Reproduce, word for word, the lines in the material below starting with the one that has "Spartan Chemical Company" and going on through the one that has "Onrecht Ontwapening Extreem". Leave out all pictures.

Study material:
BEGIN
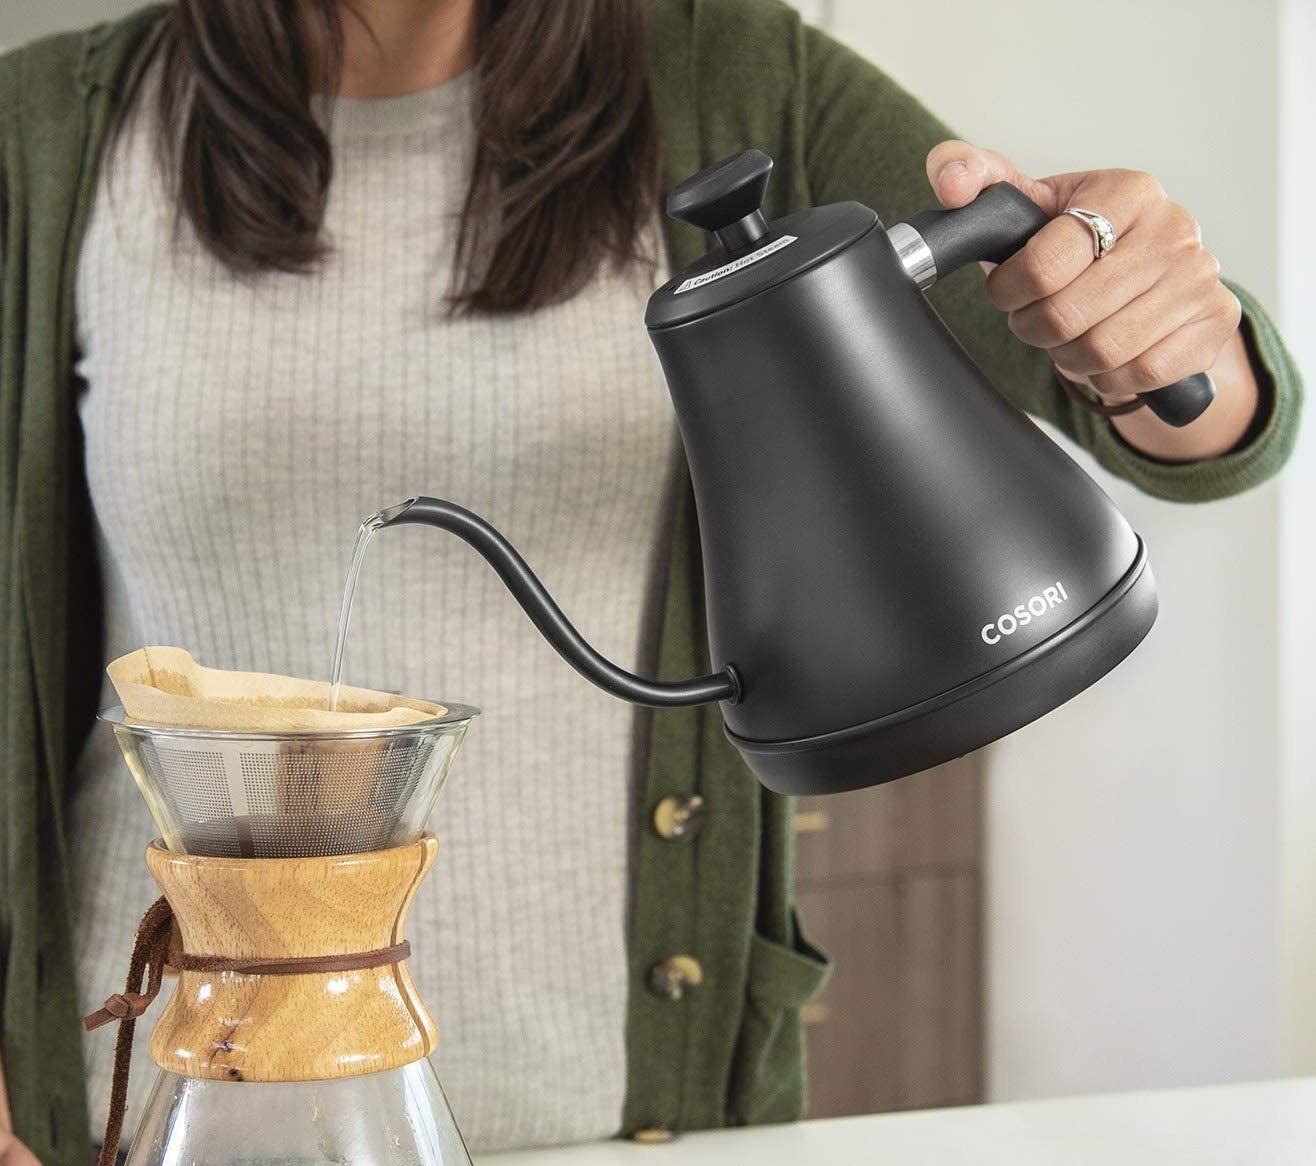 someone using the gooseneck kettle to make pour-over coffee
END
BEGIN
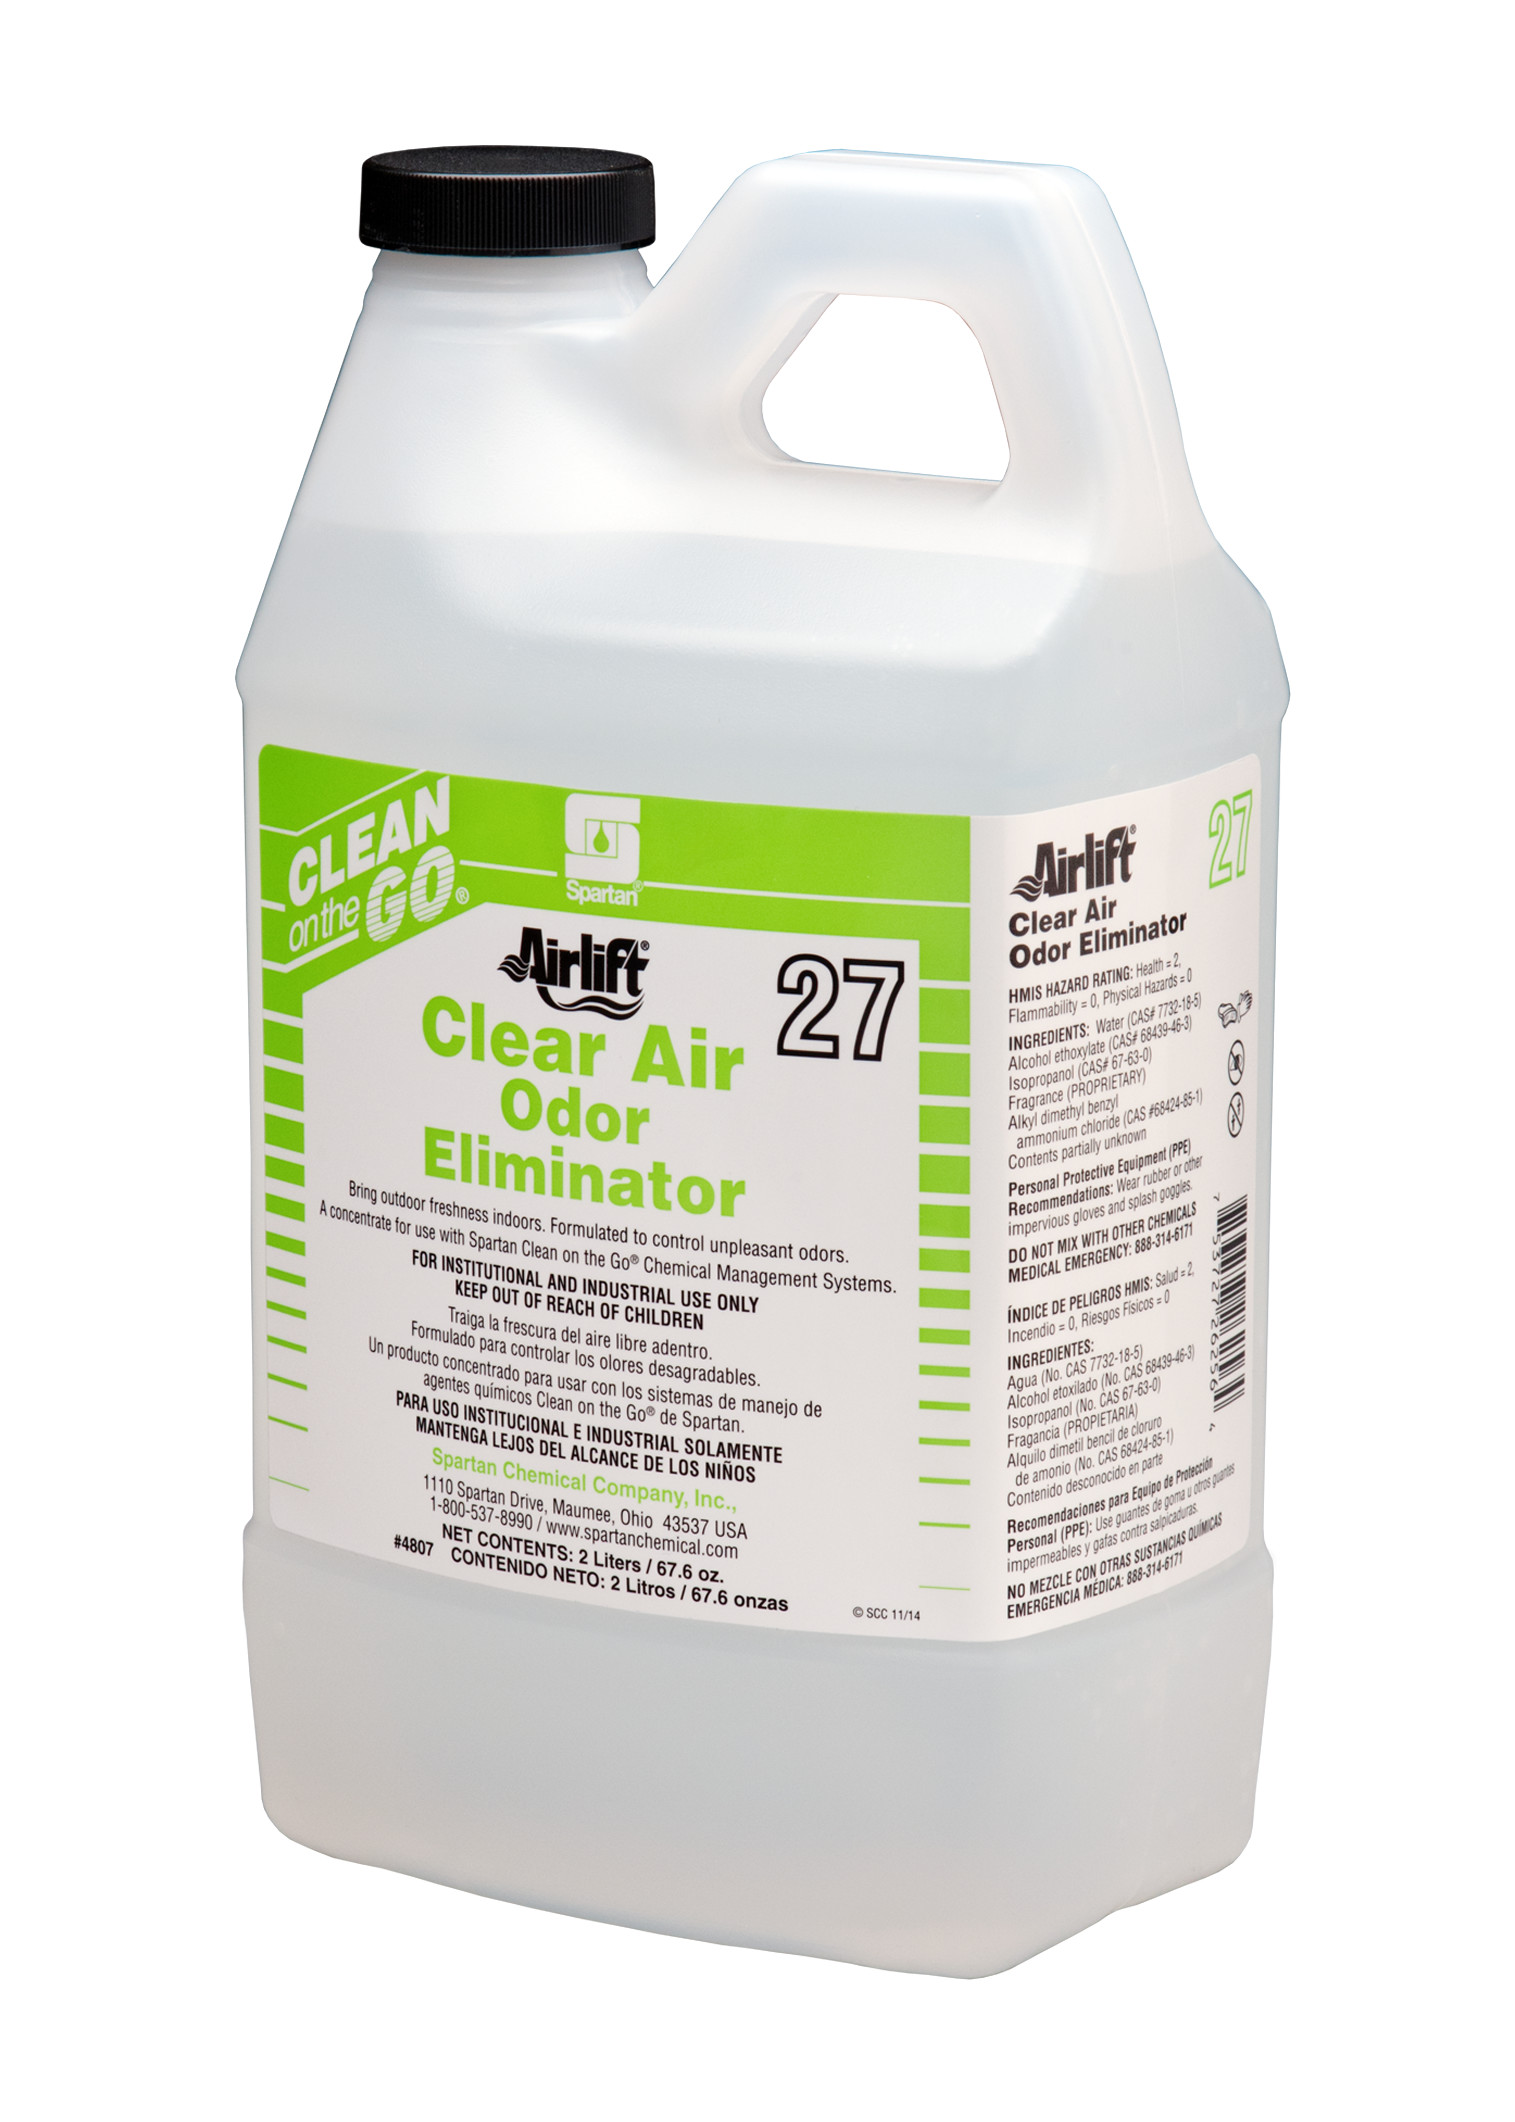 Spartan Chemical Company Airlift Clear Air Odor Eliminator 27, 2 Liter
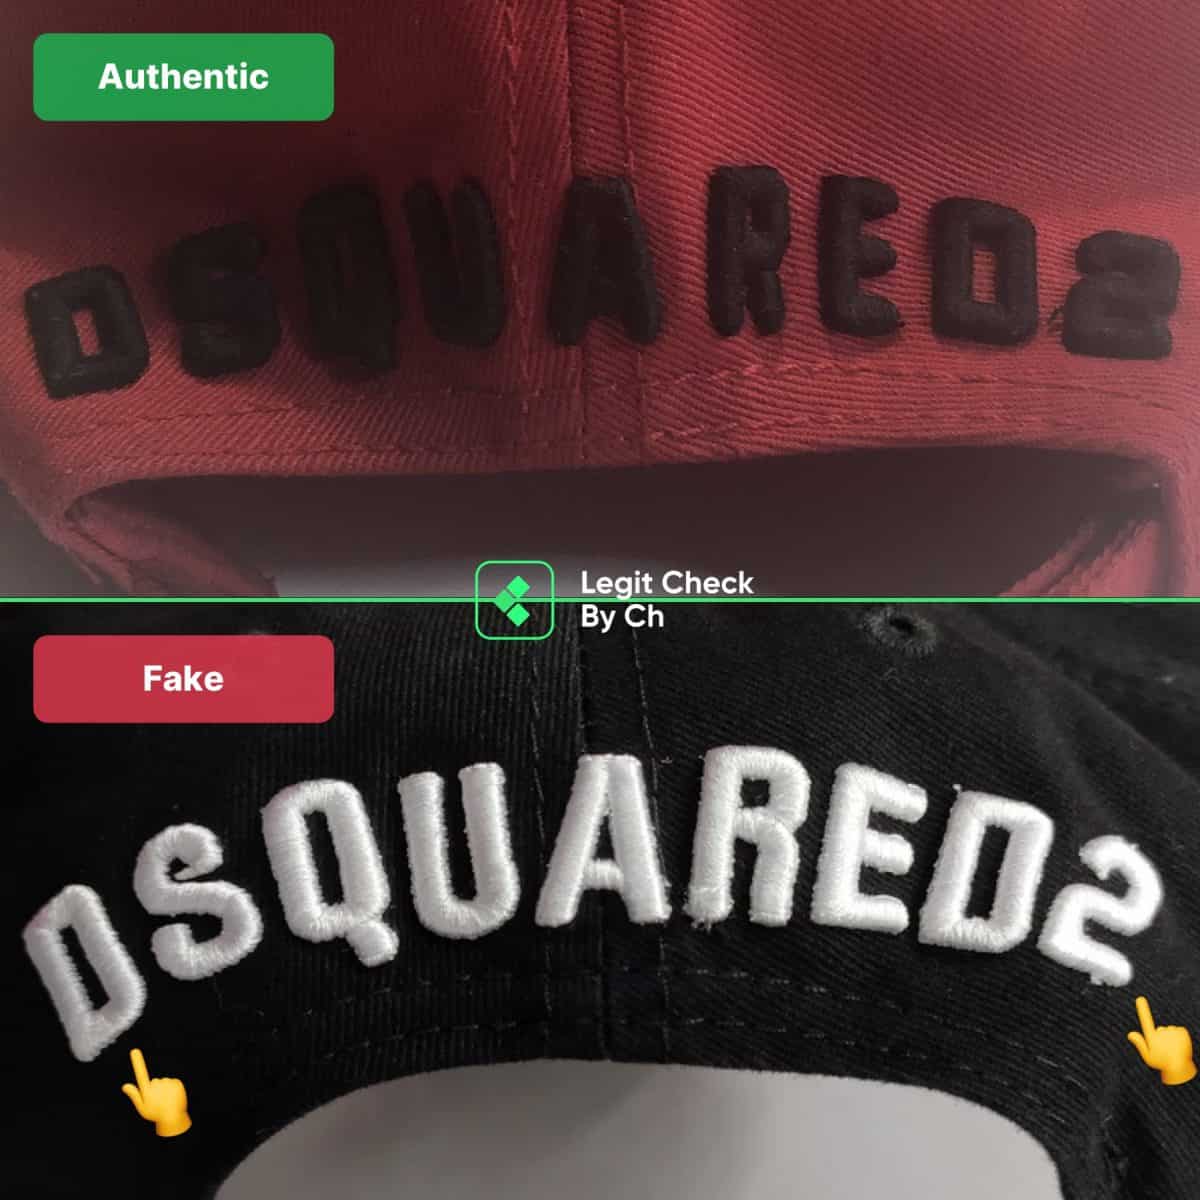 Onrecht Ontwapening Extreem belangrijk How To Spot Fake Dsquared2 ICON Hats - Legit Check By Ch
END
Written response:
 Spartan Chemical Company Airlift Clear Air Odor Eliminator 27, 2 Liter
 Onrecht Ontwapening Extreem belangrijk How To Spot Fake Dsquared2 ICON Hats - Legit Check By Ch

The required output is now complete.